The ability to successfully scale is going to blow up blockchain’s popularity and accelerate its widespread use by both individuals and businesses looking to adopt the tech. Until this happens, blockchain’s growth and adoption will most likely, be limited.

Unfortunately, we’re not likely to see this happen soon because businesses are reluctant to adopt the tech for some of their business. And massive adoption is only likely through the frequent use of its products on a massive scale.

Businesses need to be willing to give the tech a try before this can happen. We can only wait to see what happens in the near future as this is resolved.

Cryptocurrency Security Vulnerabilities

Another factor that could be affecting the tech and the popularity of cryptos as a whole, is the security of cryptos and blockchain.

Blockchain itself is quite secure, the only challenge lies in the security of cryptos. For instance, over $1 billion in cryptos were stolen between January and May this year by hackers and cyber criminals.

Even though the bigger part of the stolen cryptos was that of the token Monero (XMR), the reality is other cryptos were also stolen. The sheer volume of those stolen is enough to make people wary of investing in an asset category that the founders can’t even be bothered to properly secure them.

Worse still, the stolen cryptos are hard or almost impossible to trace and recover because not only is Monero a privacy based cryptocurrency, it’s also very hard to trace where the funds went to.

Sure, you may be able to see the originating and destination wallet addresses, but many of these don’t have any verifiable identity behind them. And even if they did, there’s no central database where you can compare the data.

Also, the SEC’s repeated warnings about their inability to help recover any lost cryptos doesn’t engender much trust in cryptos.

Bottom line, crypto security is not yet bulletproof, although many cryptocurrency founders are doing a great job of bolstering the security of their individual tokens and projects.

Tech Adoption Problems

Let’s be honest, unless you’re comfortable or well versed in cryptocurrency and blockchain, chances are that the sector and its many terms sound like gobbledygook.

The sector and the tech itself is currently murky waters to many newbies and intending investors. This has resulted in a slower adoption of the technology; particularly crypto’s underlying technology, the blockchain.

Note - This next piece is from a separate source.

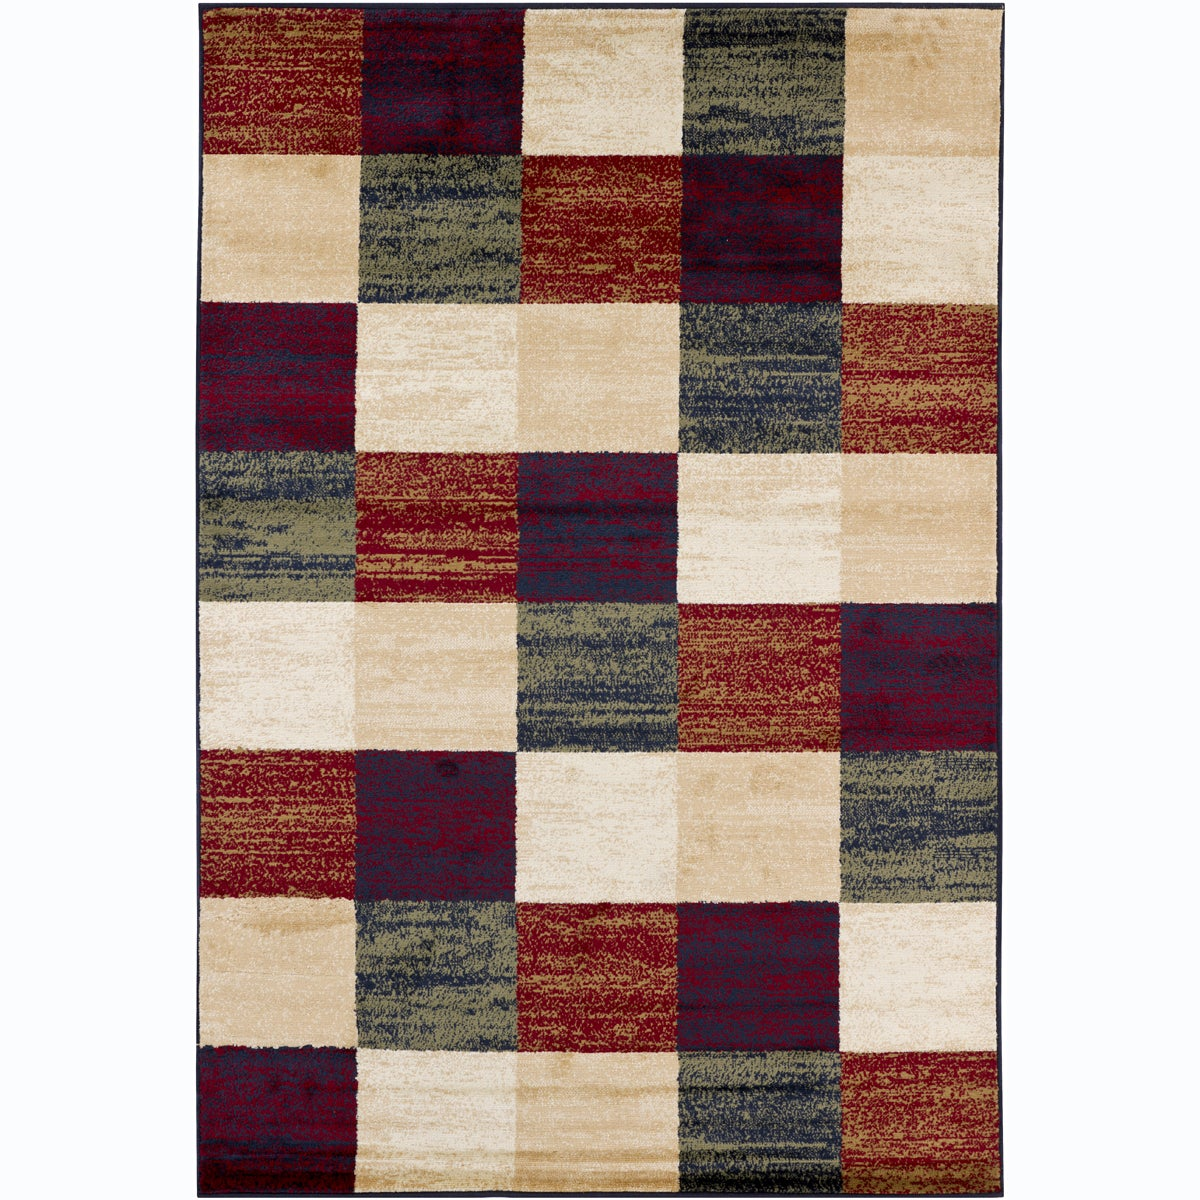 Artist's Loom Indoor Contemporary Geometric Rug - 8' x 11'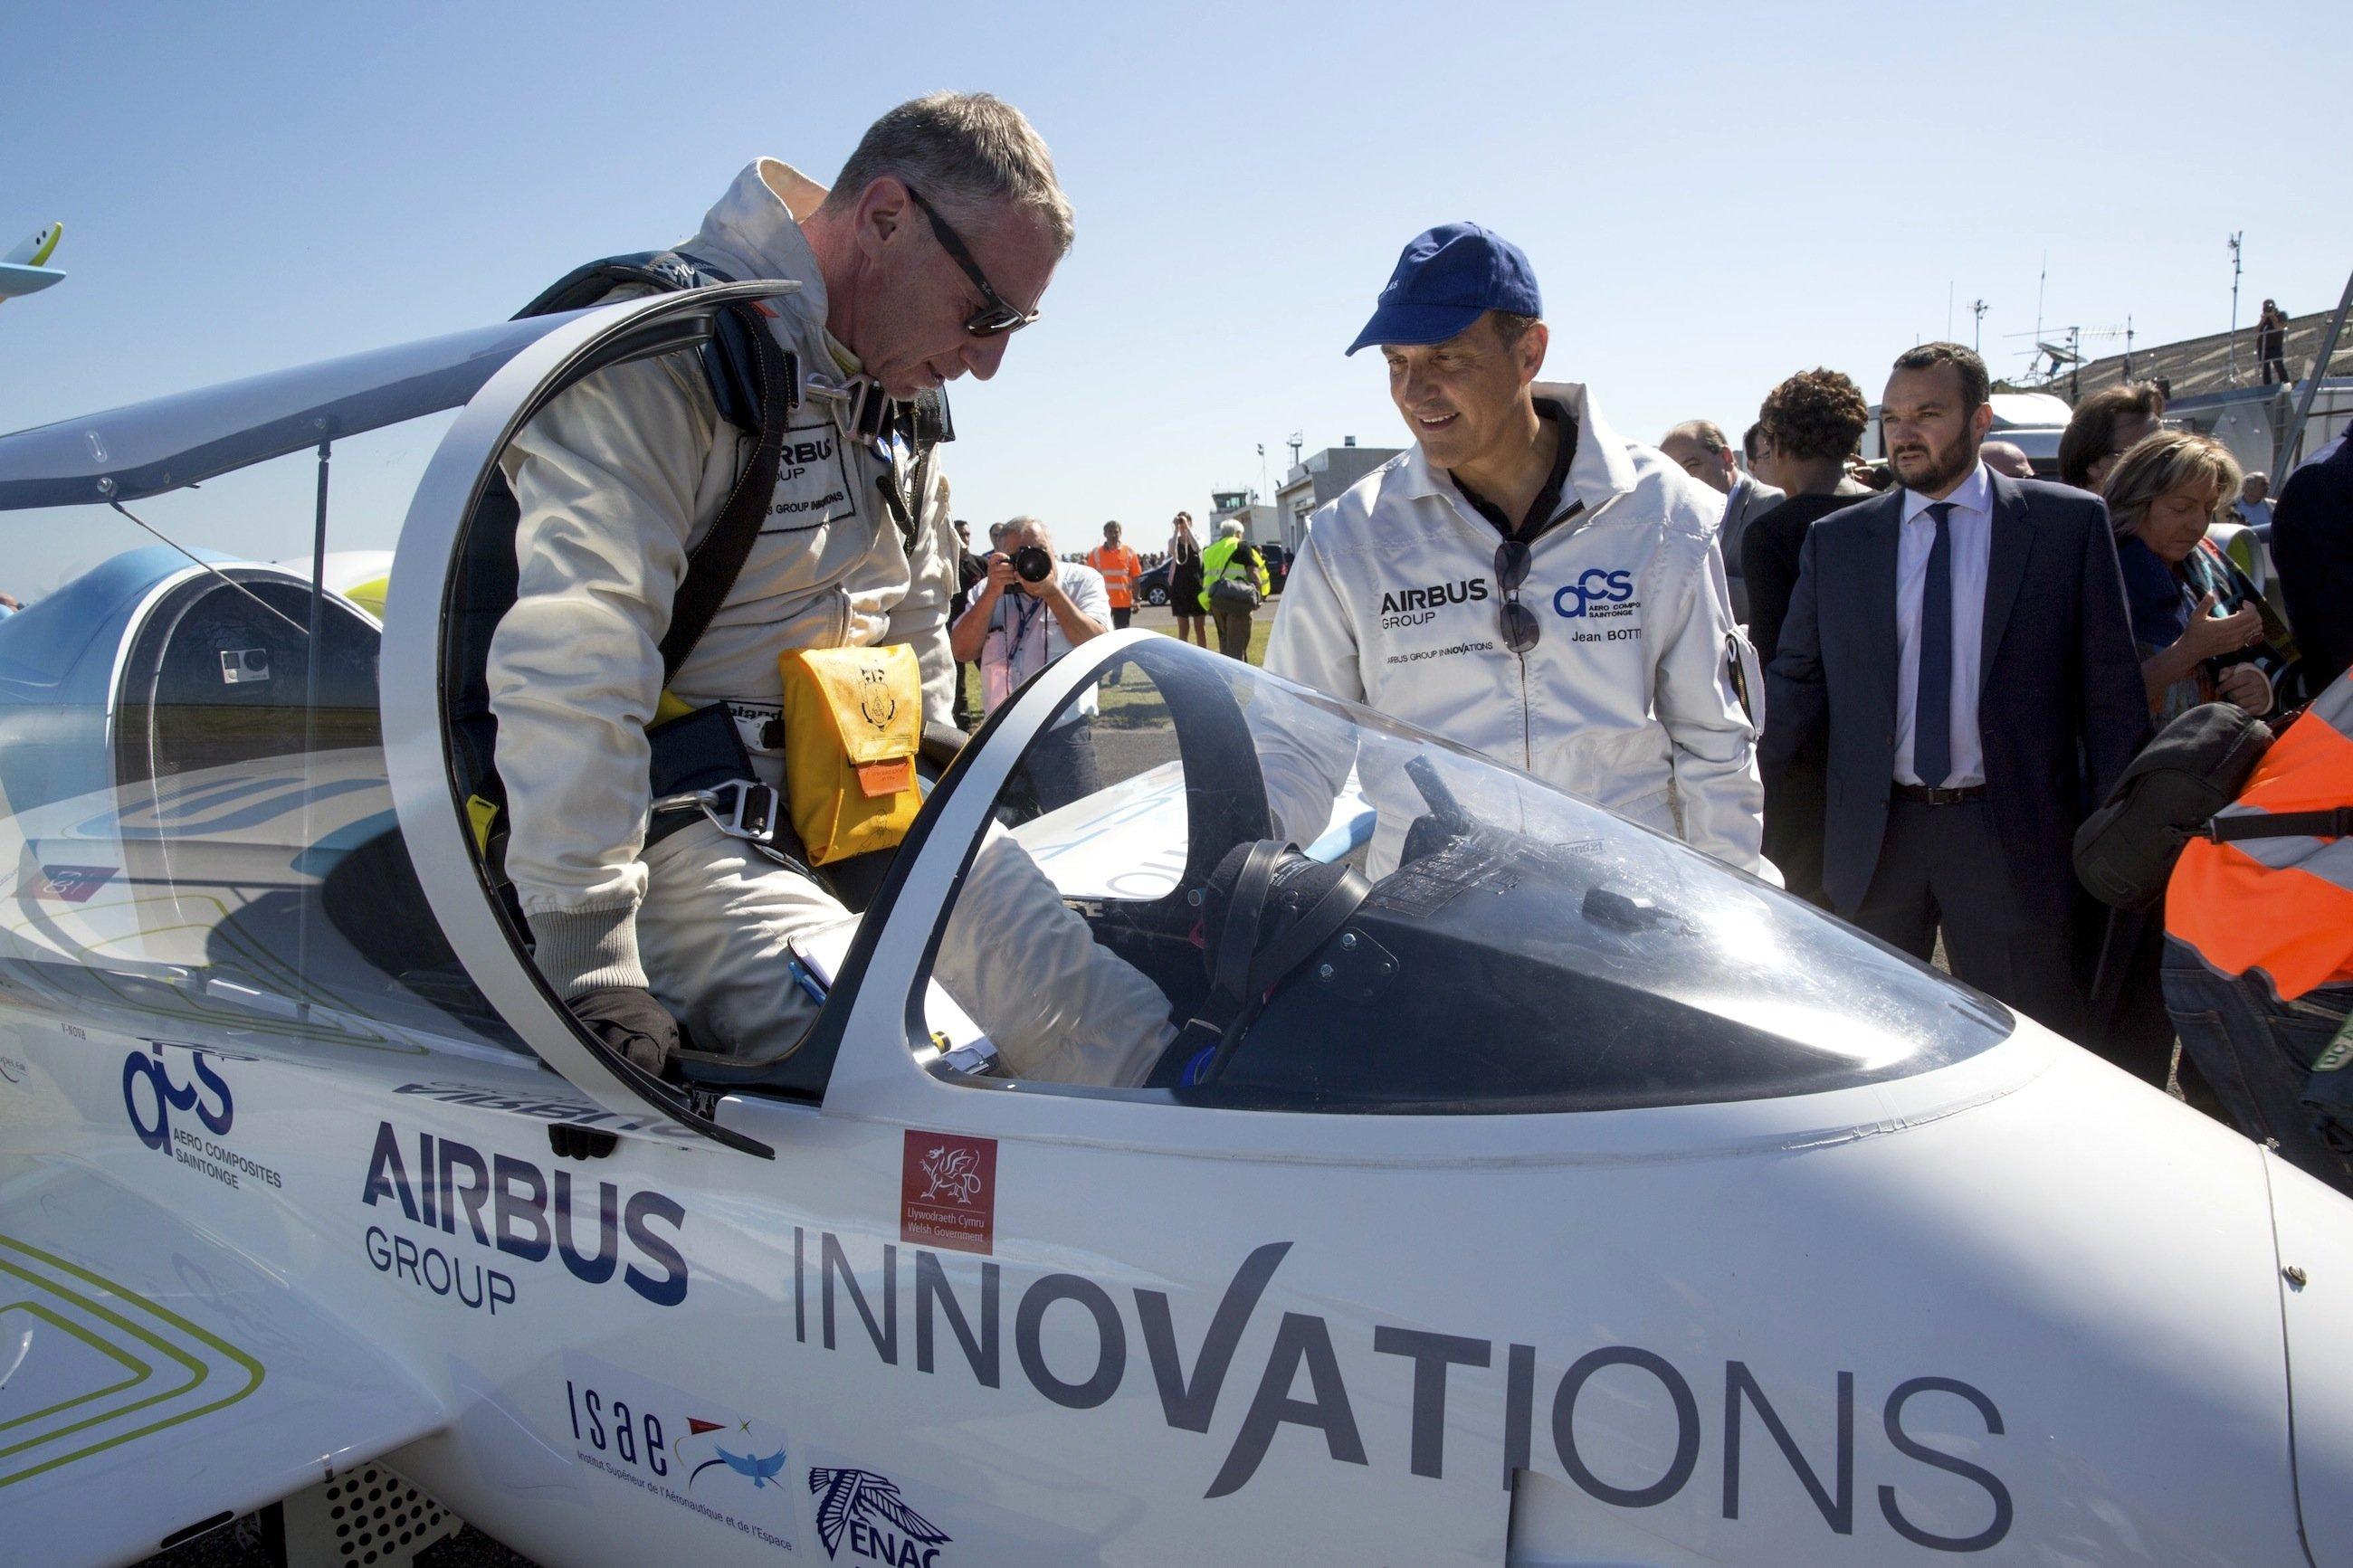 Sicher gelandet in Calais: E-Fan-Pilot Didier Esteyne.

There’s need for a massive education campaign on the viability and usefulness of the technology as well as its very many benefits. Once people understand just how it works, chances are there’ll be a more positive response to the tech, resulting in less volatility.

This will happen because people will see beyond just cryptocurrencies, thus ensuring that the technology becomes better entrenched.

Every new technology goes through a vetting phase when the big money corporations determine if it’s worth the investment or not. Cryptos and its underlying technology is in that phase now.

The good news is that it’s gradually gaining momentum and enjoying a slow but steady growth. In the nearest future, we’re likely to see even more widespread adoption of the technology.

Too Many Cryptocurrencies

And many of them don’t even have proven concepts. This combined with the rising number of ICOs makes it look like the market isn’t a serious one. As a result, there’s little or no investor confidence in the industry.

There’s no vetting or validation process for many of these cryptos. Unlike the stock exchange where shares are issued after a company is established and proven itself worthy, ICOs and cryptos are not.

This has resulted in the rising spate of scam coins strictly designed to fleece people of their hard earned monies. Many of these coins haven’t grown beyond the idea phase.

Once there’s a way to vet all new coins and an industry standard of sorts established, more investors will be interested in investing. Until then, all intending investors have to do their due diligence.